INFORMATION PROVIDED below:

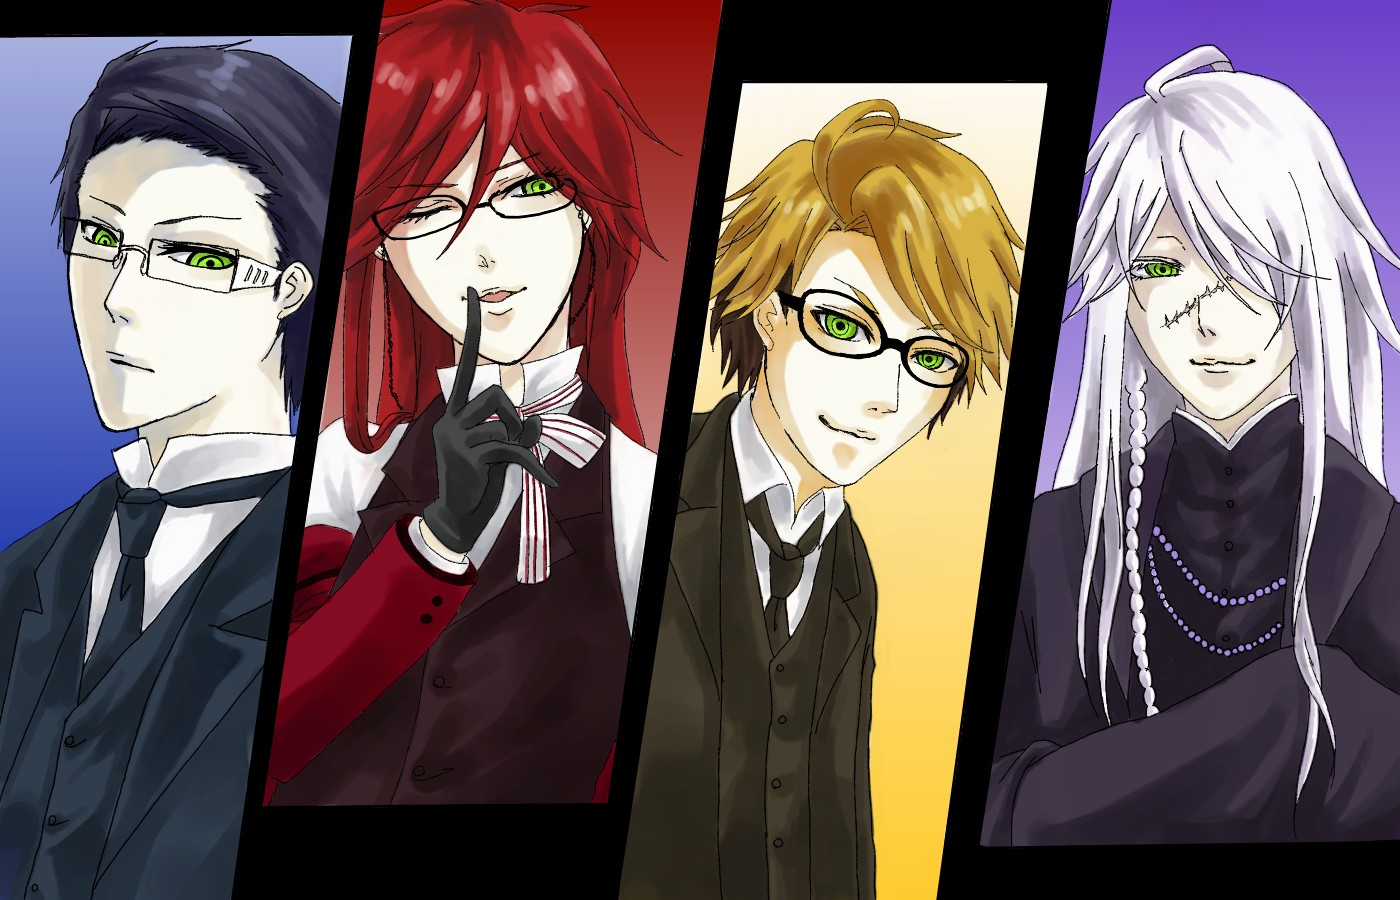 Kuroshitsuji (Black Butler) - Toboso Yana - Image #940158 ...  Kuroshitsuji (B...
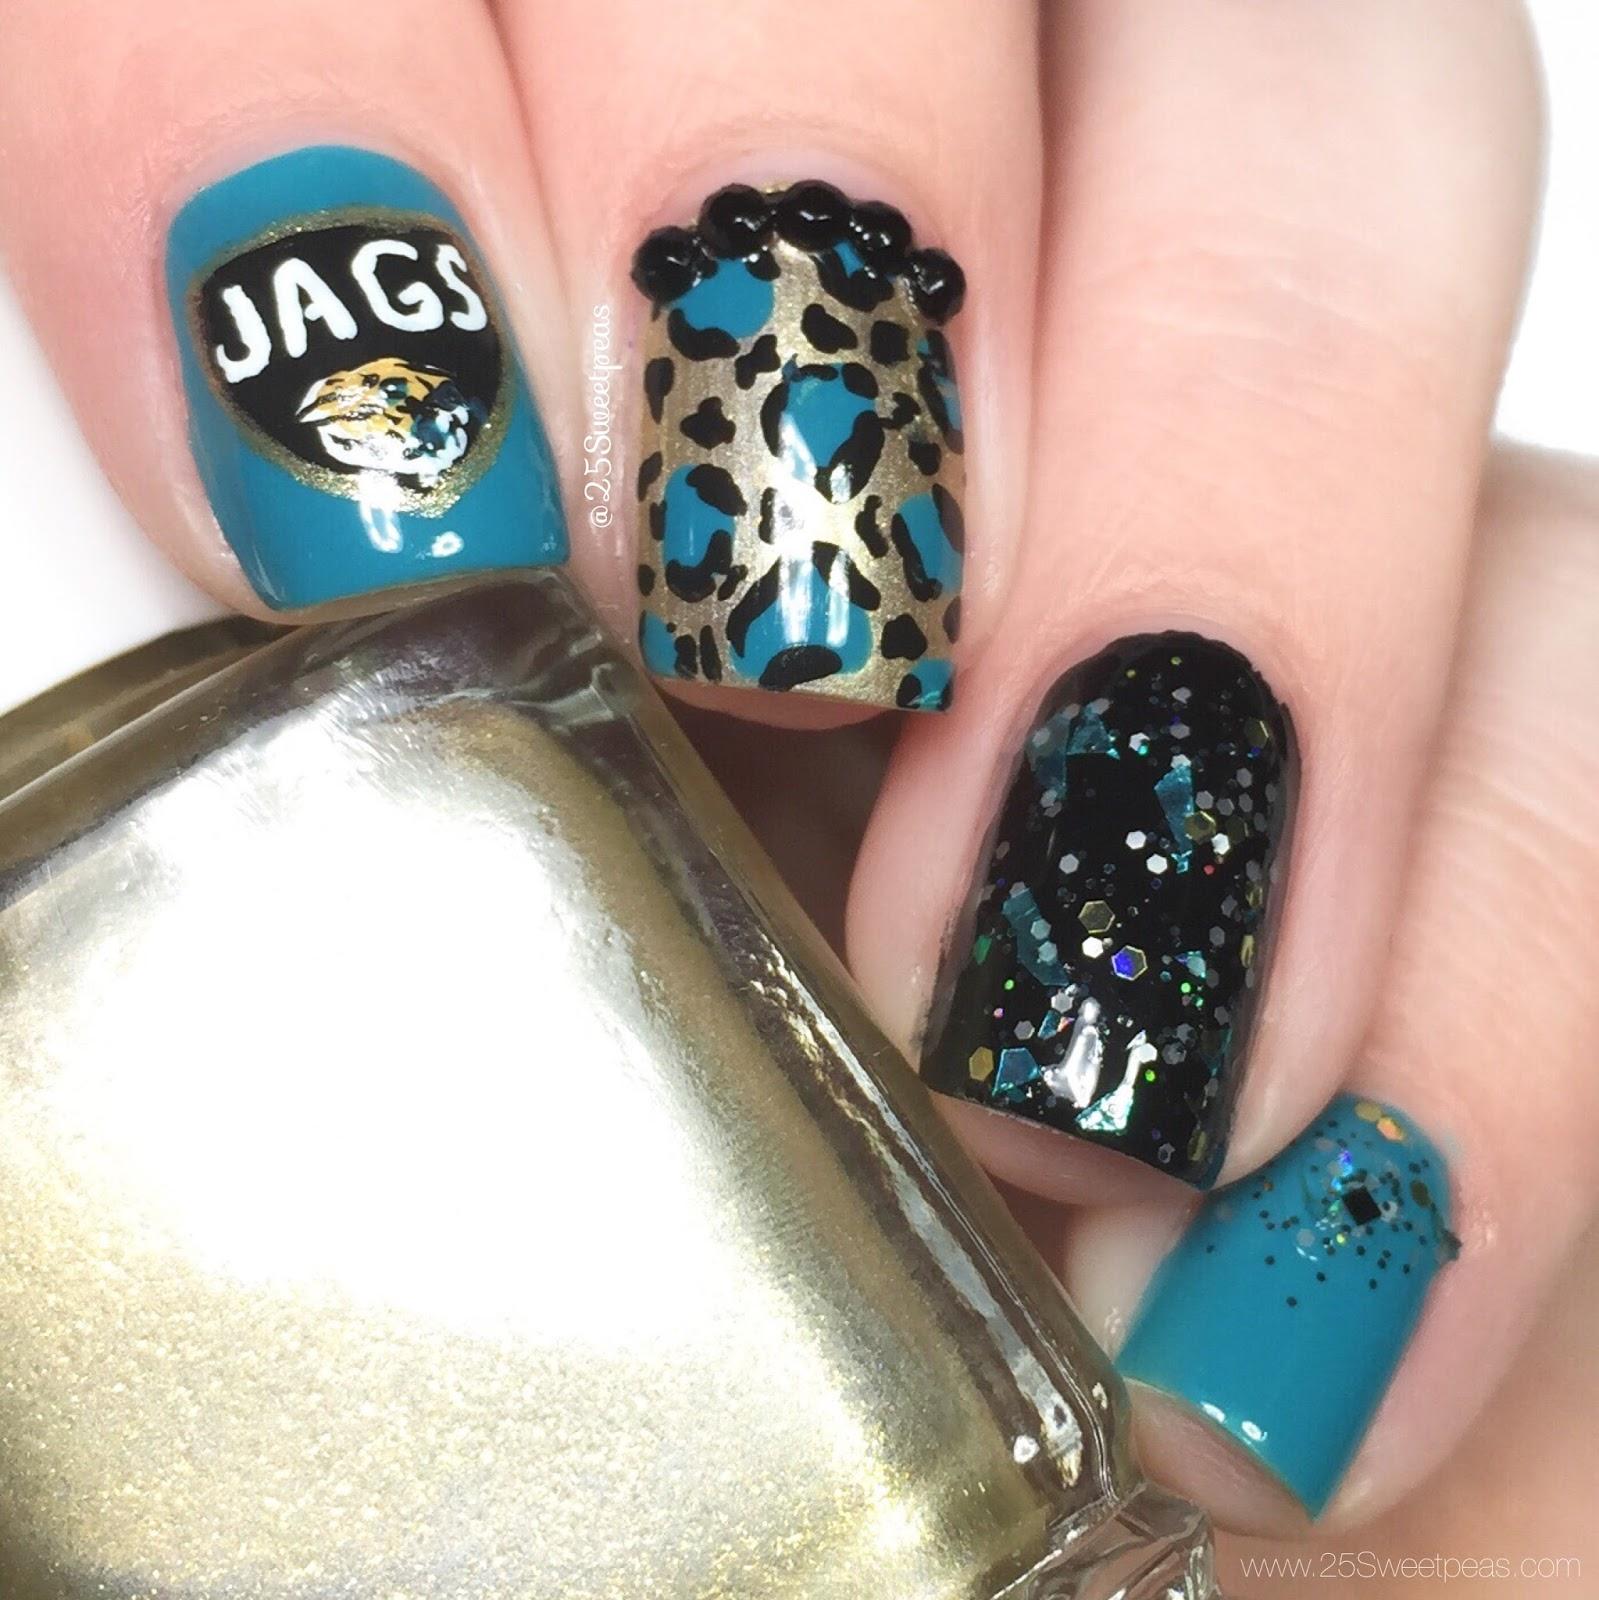 Jacksonville Jaguar Nail Art
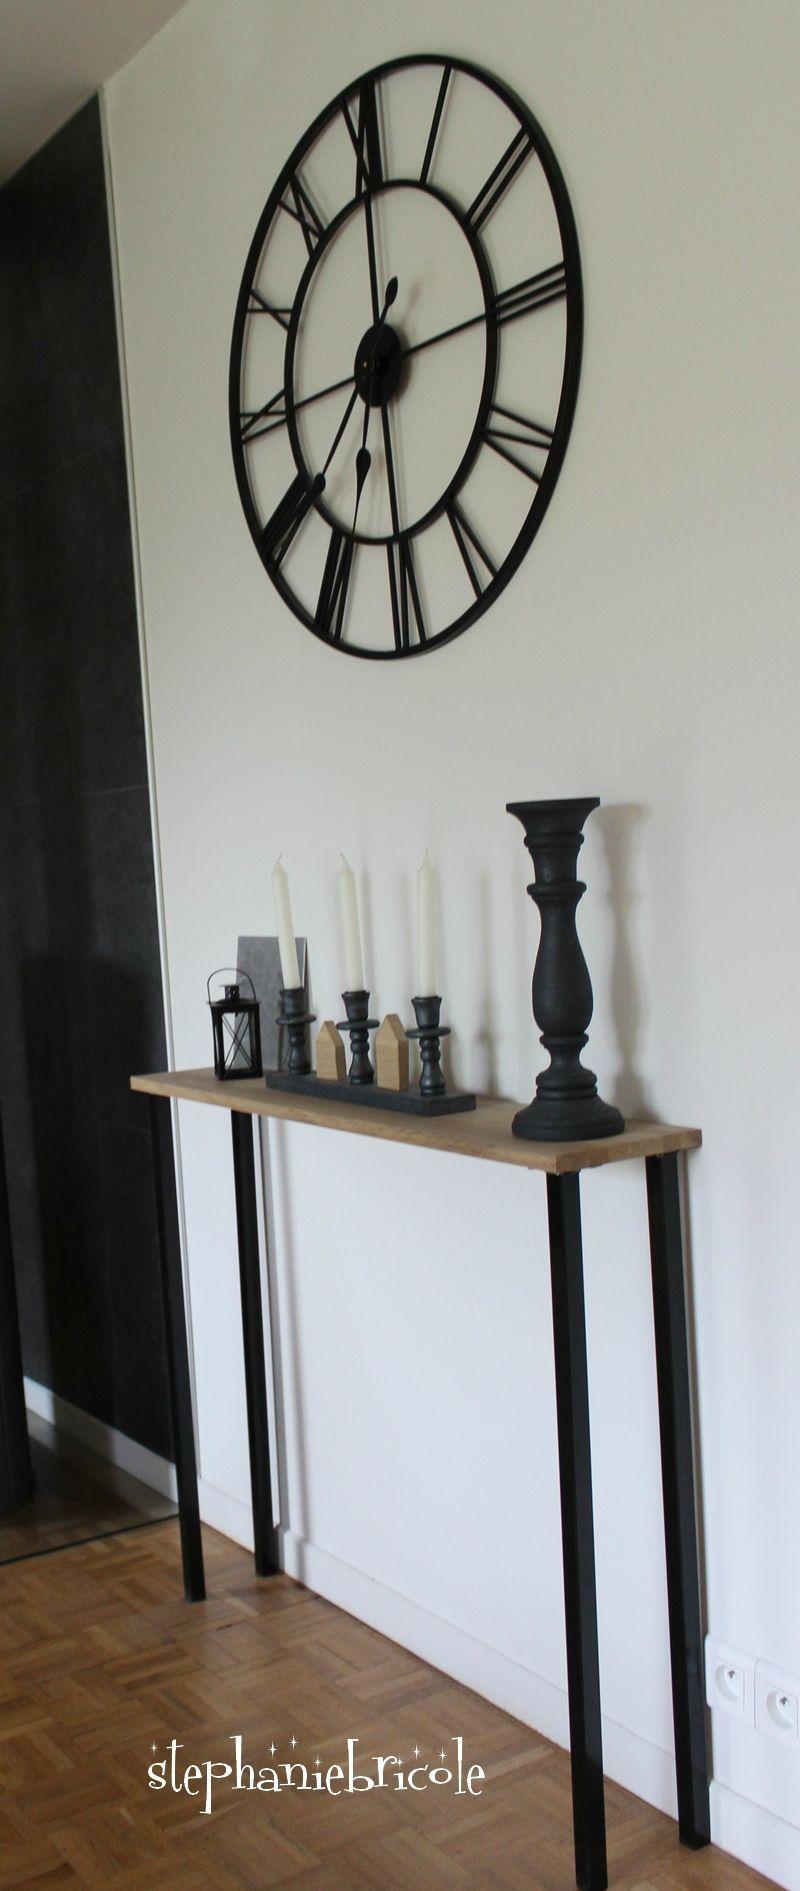 Diy Un Meuble Console En Bois Un Cours De Bricolage A Gagner Stephanie Bricole Meuble Style Industriel Diy Deco Deco Maison
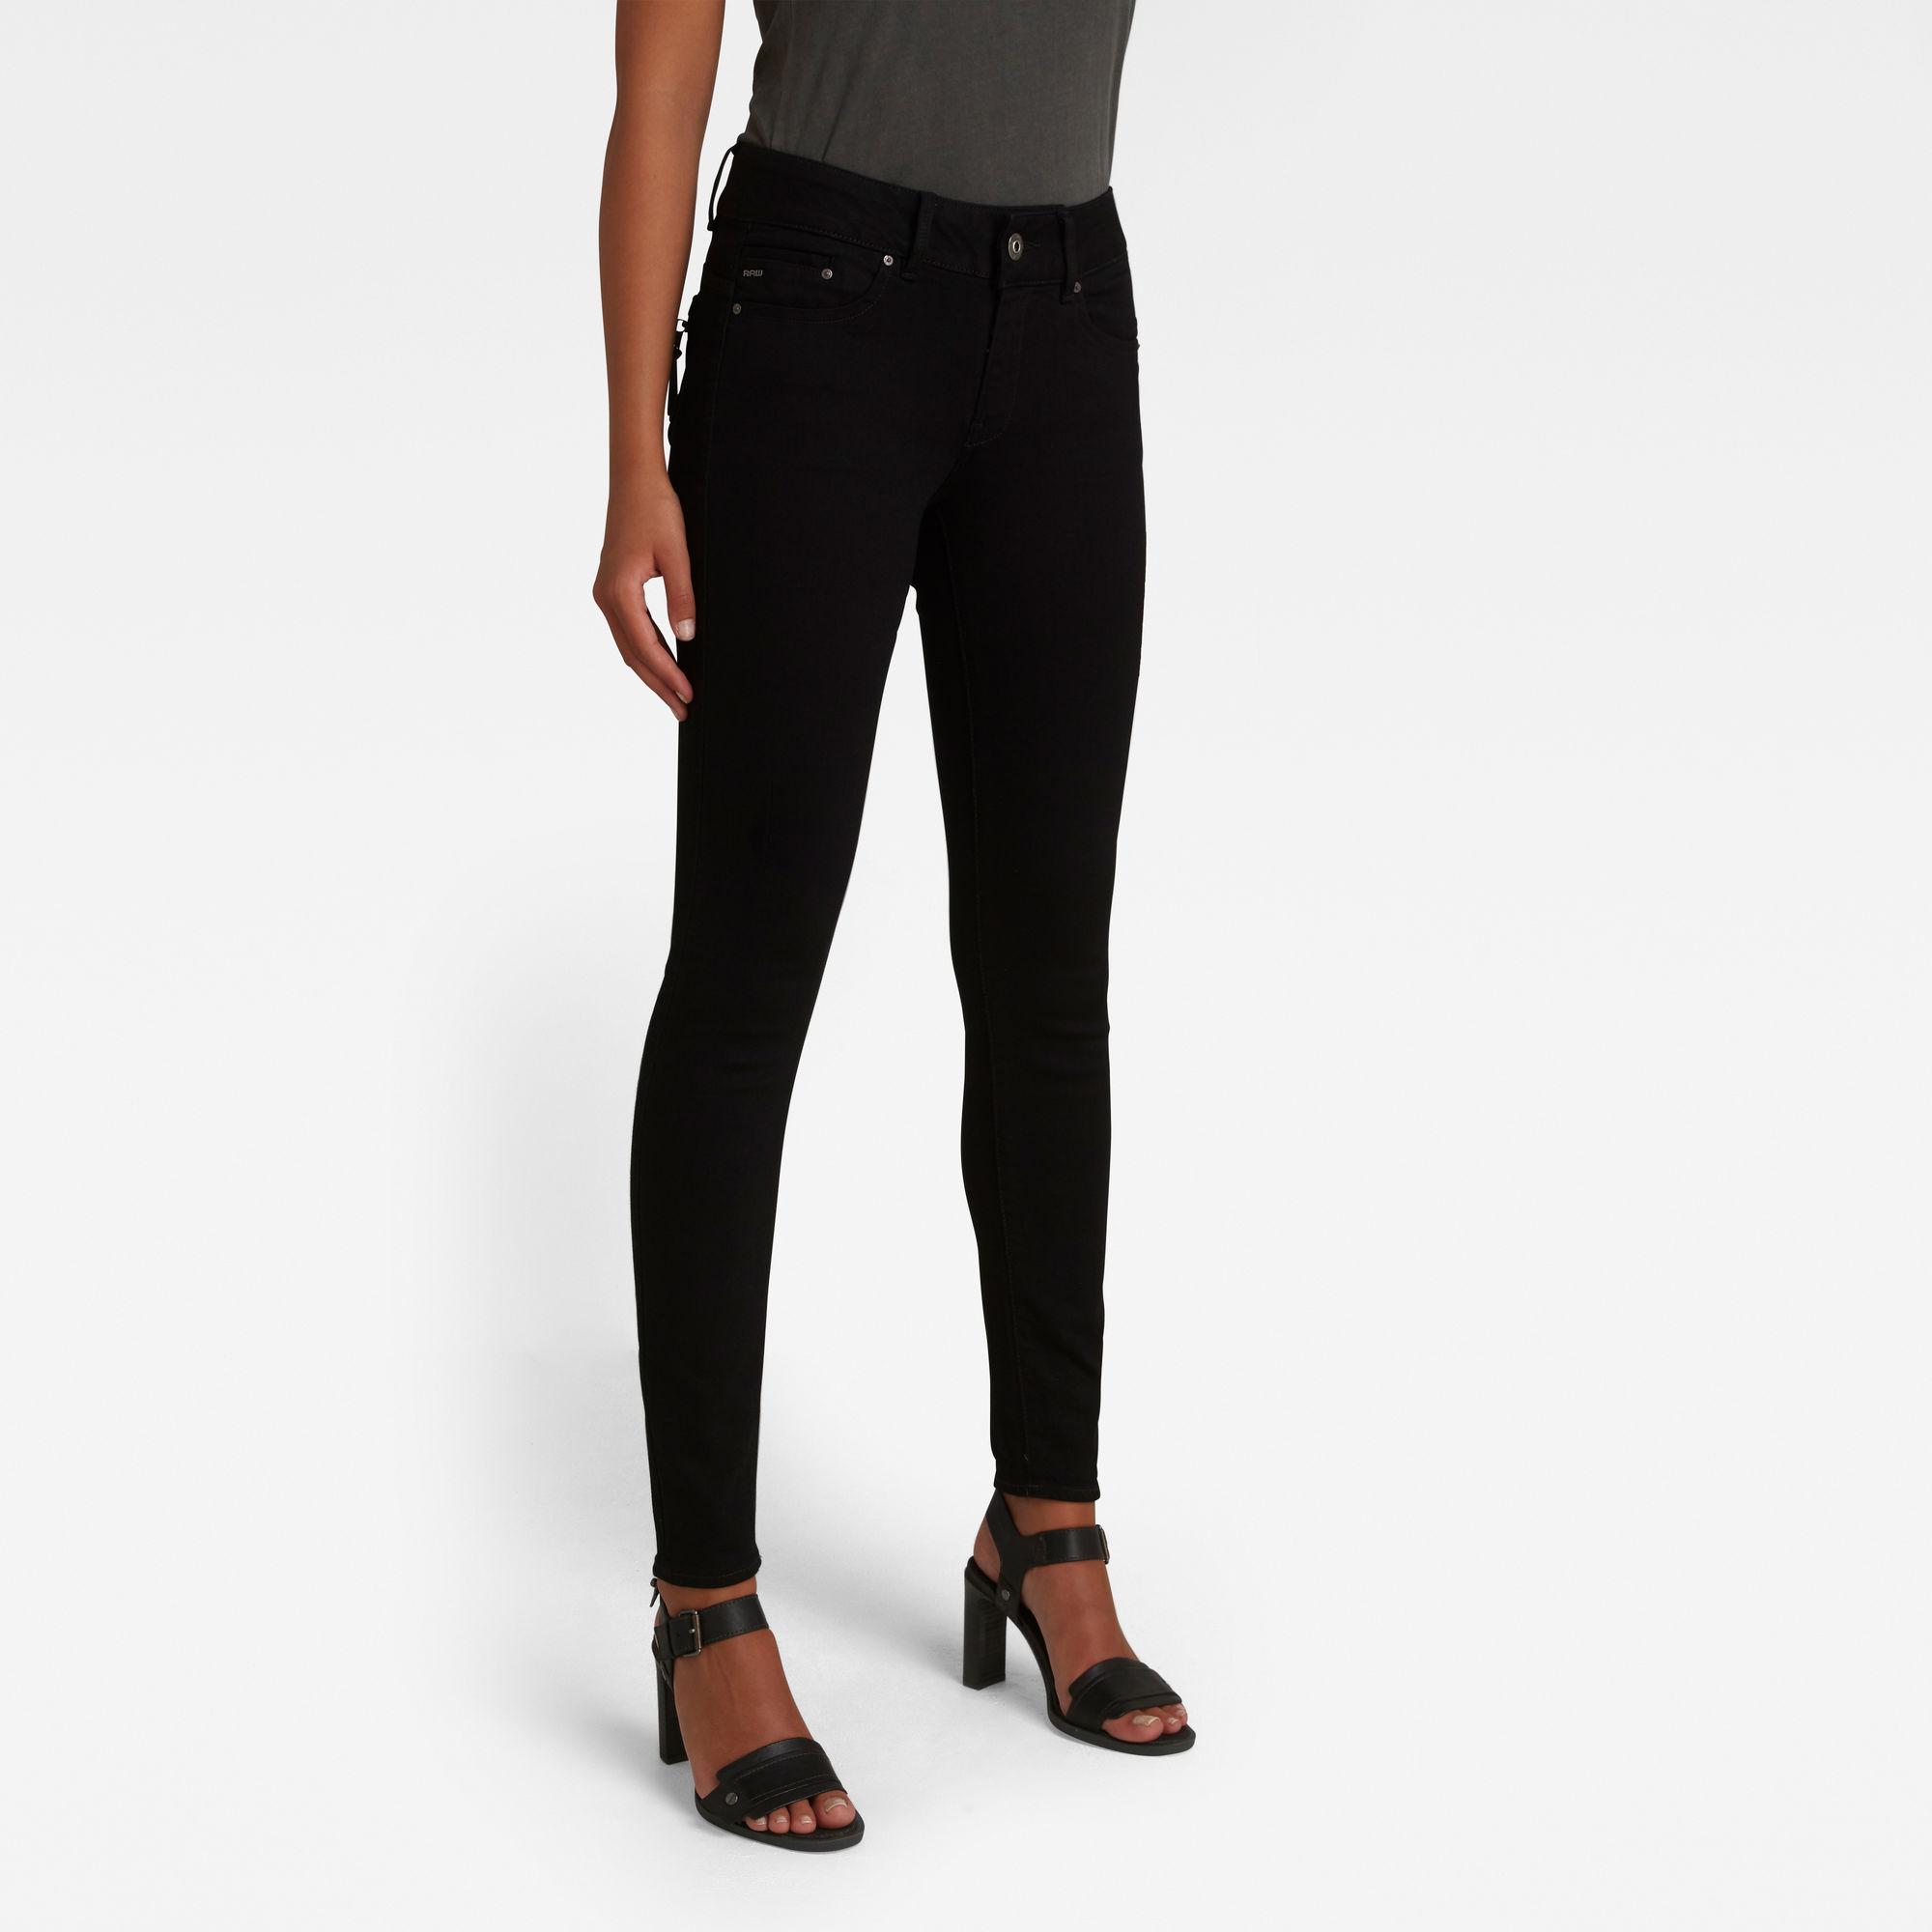 G-Star RAW Dames Midge Cody Mid Skinny Jeans Zwart

End of INFORMATION PROVIDED.

- TASK REQUIREMENTS
Word-for-word output of the material above is needed, with the pictures left out.

- SOLUTION
 Kuroshitsuji (Black Butler) - Toboso Yana - Image #940158 ...  Kuroshitsuji (B...
 Jacksonville Jaguar Nail Art
 Diy Un Meuble Console En Bois Un Cours De Bricolage A Gagner Stephanie Bricole Meuble Style Industriel Diy Deco Deco Maison
 G-Star RAW Dames Midge Cody Mid Skinny Jeans Zwart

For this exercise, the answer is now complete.